Personal information
- Full name: Cornelius John Regan
- Born: 30 September 1934 Palmyra, Western Australia, Australia
- Died: 11 May 2007 (aged 72) Vancouver, British Columbia, Canada

Playing career
- Years: Club / Games (Goals)
- 1953–1965: East Fremantle / 262 (147)

= Con Regan =

Australian rules footballer

Cornelius John "Con" Regan (30 September 1934 – 11 May 2007) was an Australian rules footballer for the East Fremantle Football Club in the West Australian National Football League (WANFL) from 1953 until 1965.

He was the first East Fremantle player to play 250 games and represented Western Australia on 7 occasions, including the state's second ever National Carnival winning team in 1961. He played in the finals in every season that he played, including eight grand finals, but was only part of a successful premiership in 1957. Known primarily as a tough defender, he could also play forward, leading the East Fremantle goalkicking in 1955 with 65 goals.

After retiring from WANFL football he continued to play and coach in Katanning and Donnybrook, where he was stationed as a police officer.

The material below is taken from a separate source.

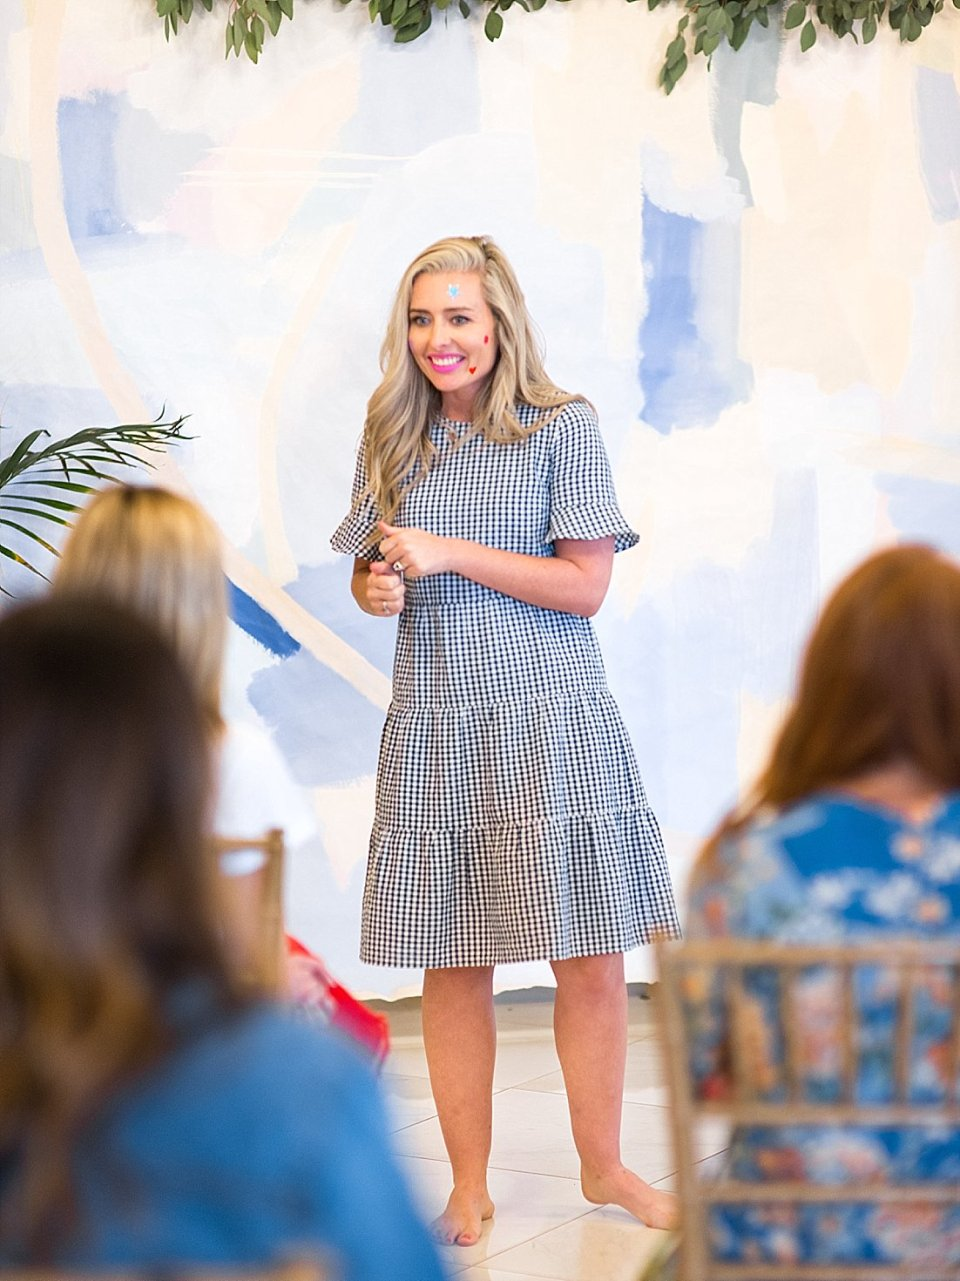 The Joyful Influencer retreat at the kentucky castle Instagram influencer event Ashley Lemieux speaking

He is a life member of East Fremantle Football Club, a legend in the Fremantle Football Hall of Legends, a member of both the WAFL 200 Club and the Fremantle City Hall of Fame. He was named as the full back in East Fremantle's Team of the Century in 1997. In 1995 he became the Fremantle Football Club's inaugural team manager and was awarded the Jack Titus Award in 2003 by the Australian Football League as recognition of outstanding service to football. He was also a vice-patron of the club.

Many other members of his extended family also played football and other sports in Fremantle, including former AFL players Daniel Kerr and Shaun McManus, and the women's football player Sam Kerr.

Following his death whilst on holiday in Canada with his wife Beryl, the Fremantle Football Club paid tribute to Regan by wearing black armbands and having a minute of silence before their Round 7 game against Hawthorn at Subiaco Oval on 12 May 2007.